June is not pride month
Performative allyship succeeds only in appropriating queer symbols
June isn’t really pride month, is it? I mean, Montreal Pride happens each year during the first week of August. And although Festival Fierté Montreal organizes a few events throughout June, most happen in August around the same time as the Pride Parade.
June is the month where corporations like Netflix—who recently came under fire for premiering Ricky Gervais’ transphobic special SuperNature—pretend to be allies to the very community they harm every other month of the year. Corporations think changing their logo to the pride flag, temporarily yassifying them, will make us forget every single queerphobic scandal they continue to be involved in.
Allyship is a status that is earned, not claimed.
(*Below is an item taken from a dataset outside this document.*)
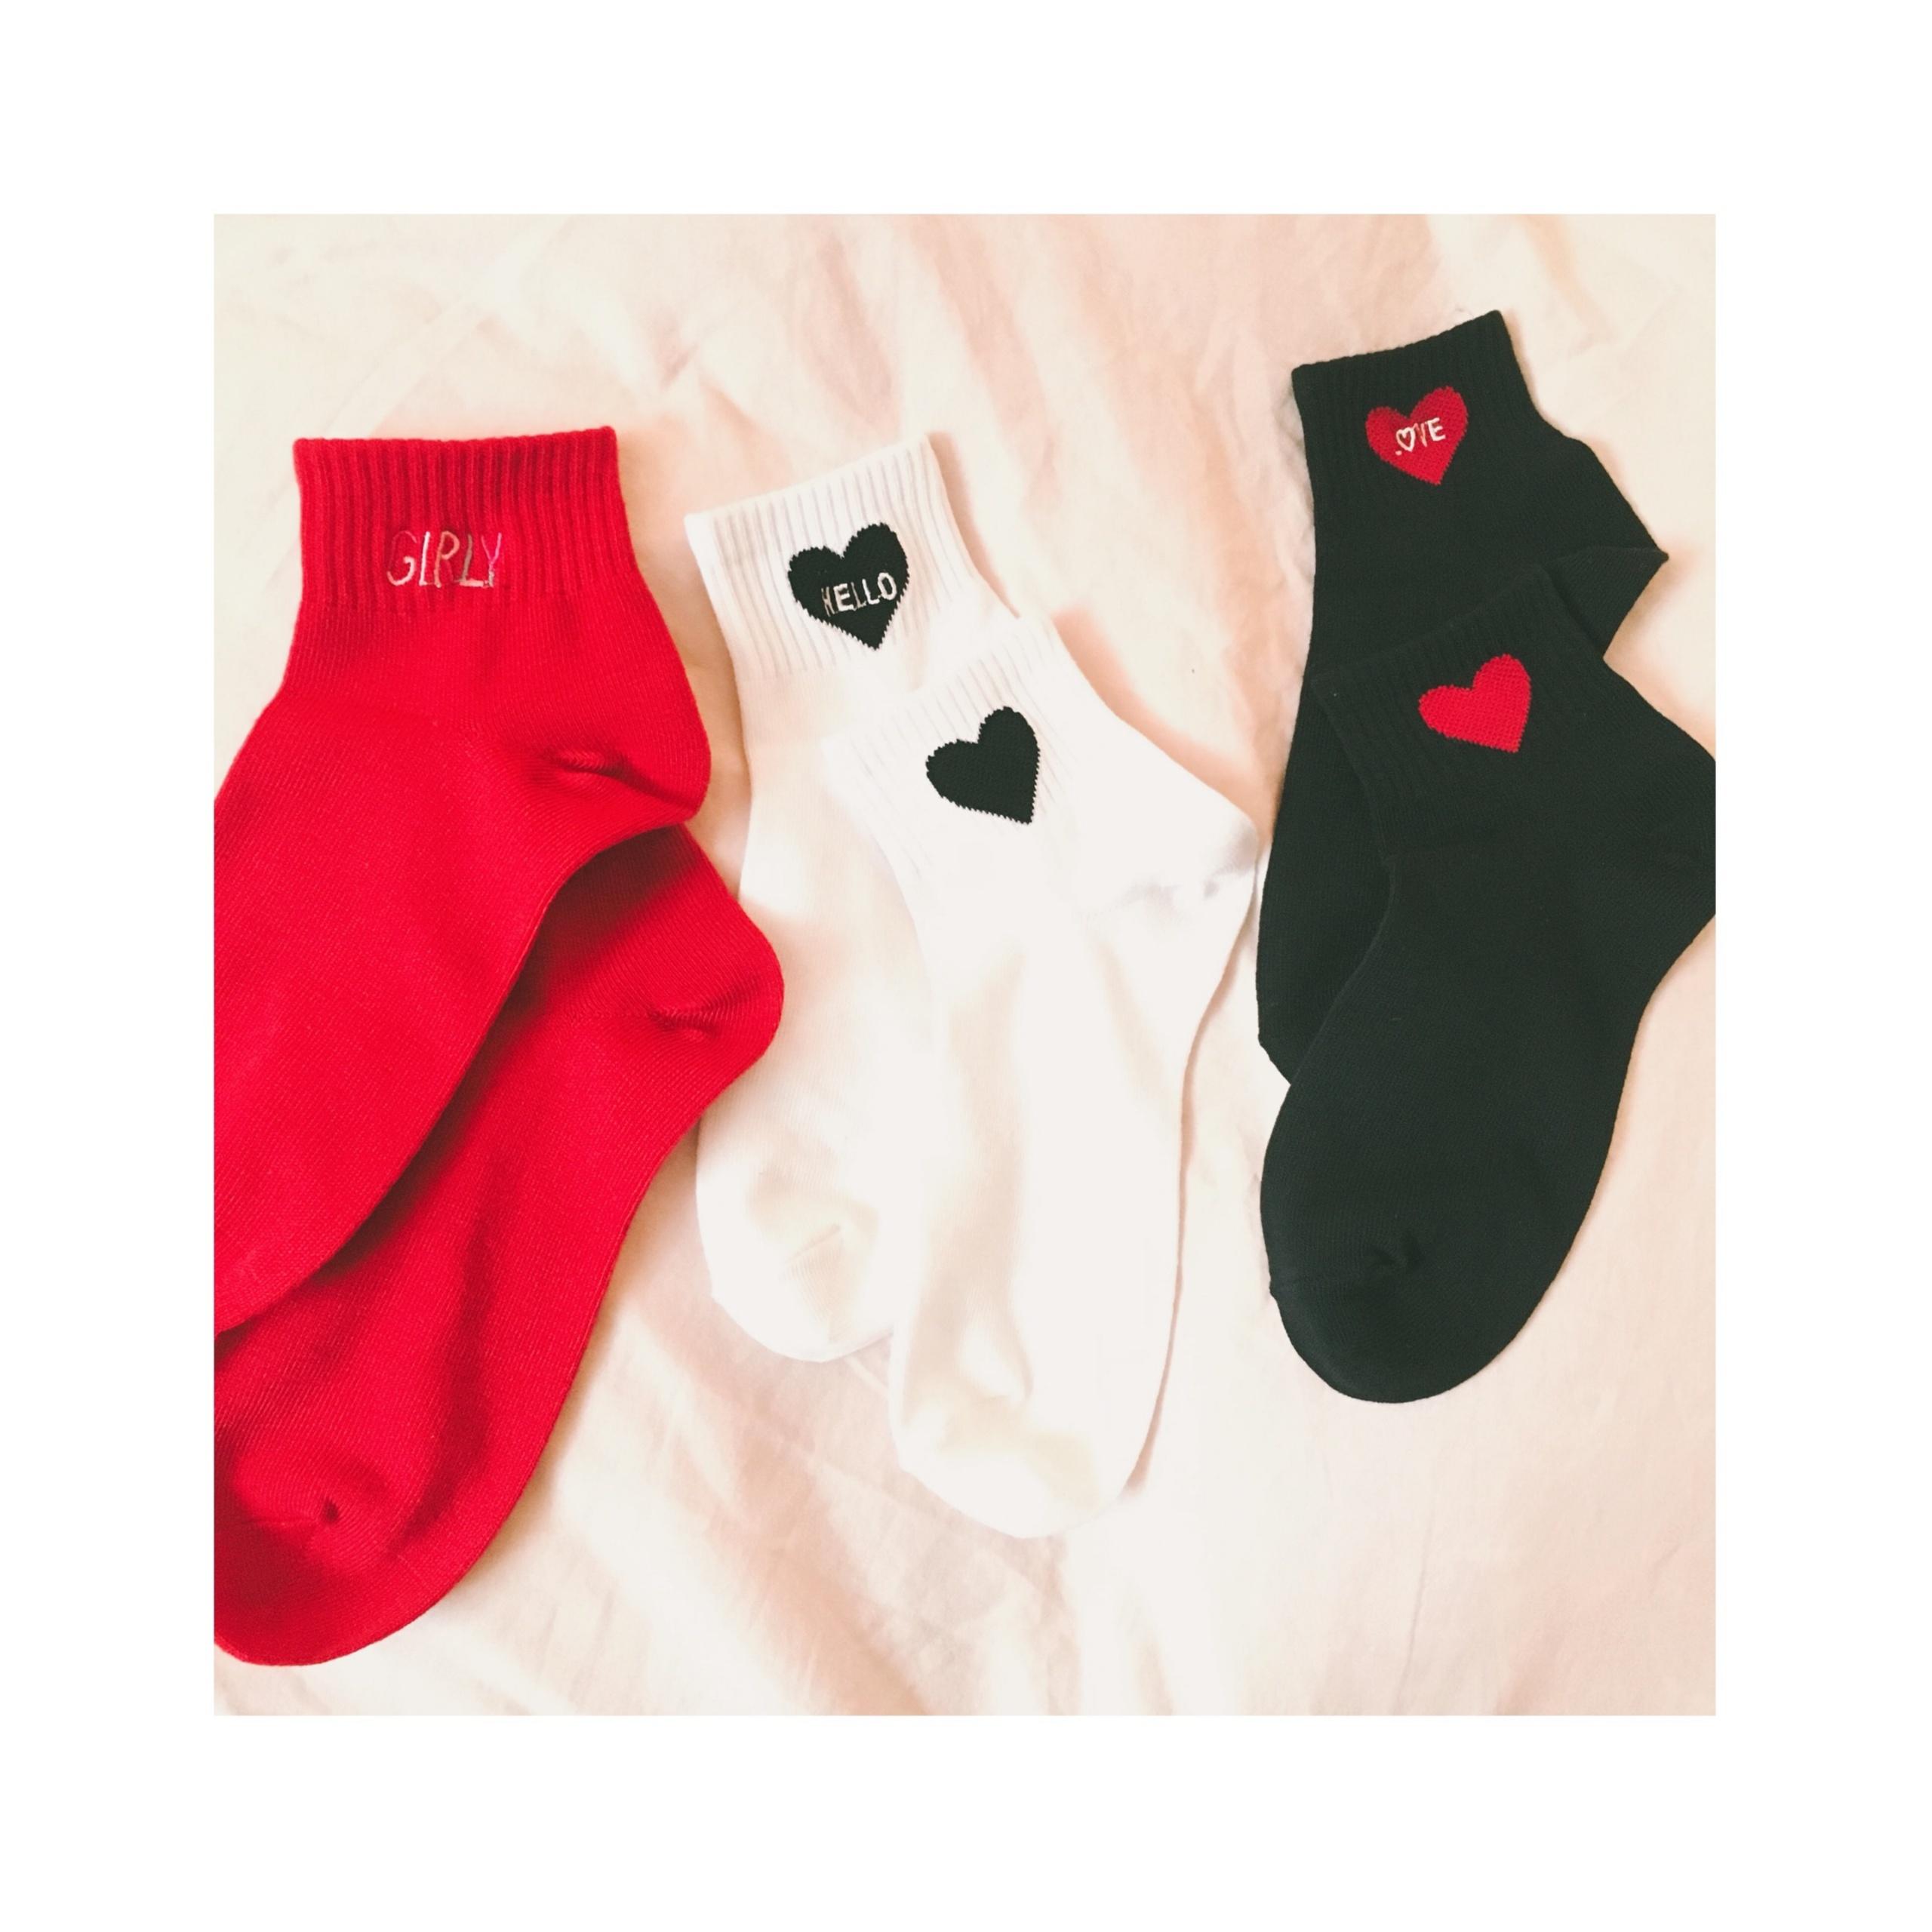 《ソックスコーデが増えるこれからのシーズンにぴったり★》思わずイロチ買いした【DAISO】のALL ¥108靴下がかわいい❤️-スポーツmix編-_1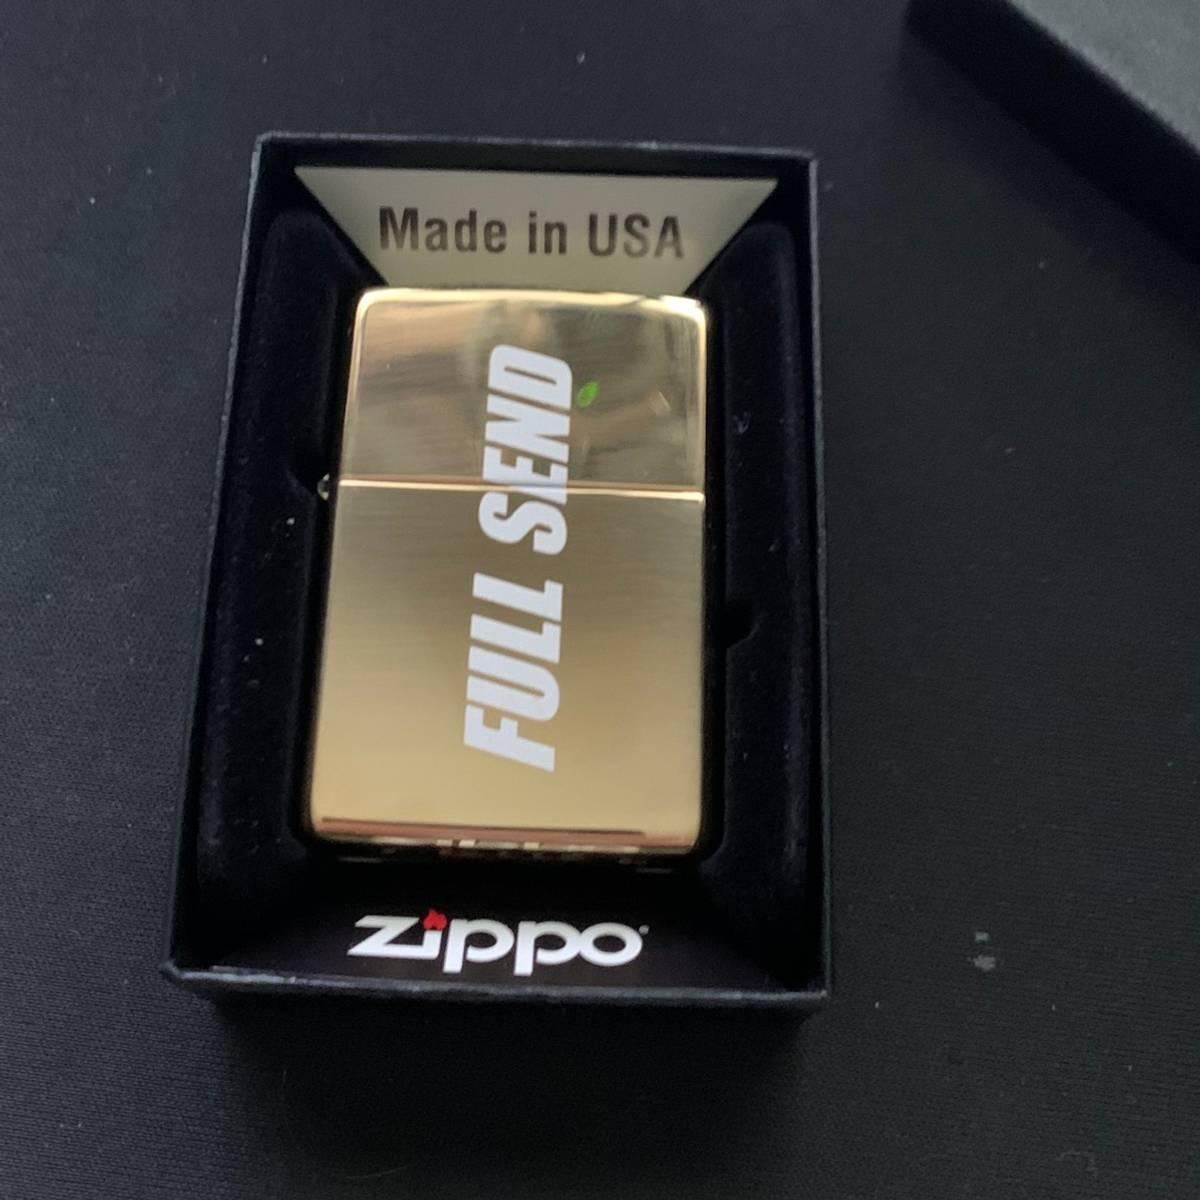 Full Send By Nelk Boys Full Send Gold Zippo Lighter 836 1000 Grailed Steve will do it nbanger. grailed

One becomes an ally by having an impact on a marginalized community, not by appropriating their symbols to increase profits. For example, making LGBTQA+ merchandise for the sake of making money is appropriation if none of the revenue goes towards uplifting the community. Rainbow capitalism, a marketing strategy that targets the LGBTQA+ community under the guise of empowering us, does nothing but help CEOs get richer off of performative allyship and commodity fetishism—the rainbow stops being a symbol of gay liberation and instead becomes a means for the rich to exploit the very community it is claiming to uplift. The irony is not lost on us.
Among the corporations that claim to participate in Pride, I’ve only noticed one that has had any real impact on the trans and non-binary community. In 2019, MasterCard became the first credit card company to allow trans and non-binary people’s chosen name—instead of legal name—to appear on their credit and debit cards; however, this option was only brought to Canada in March of this year. I guess MasterCard could be the only company allowed to change their logo to a pride flag during the month of June, but what took this so long to come to Canada?
Instead of receiving fake allyship during one month of the year, what the queer community wants is continued real allyship throughout the year. For example, the 2020 Netflix original Disclosure was a strong display of allyship; nonetheless, it was undone by every other transphobic Netflix original such as the aforementioned SuperNature. Consistency is a much better indicator of allyship than empty, performative logo changes.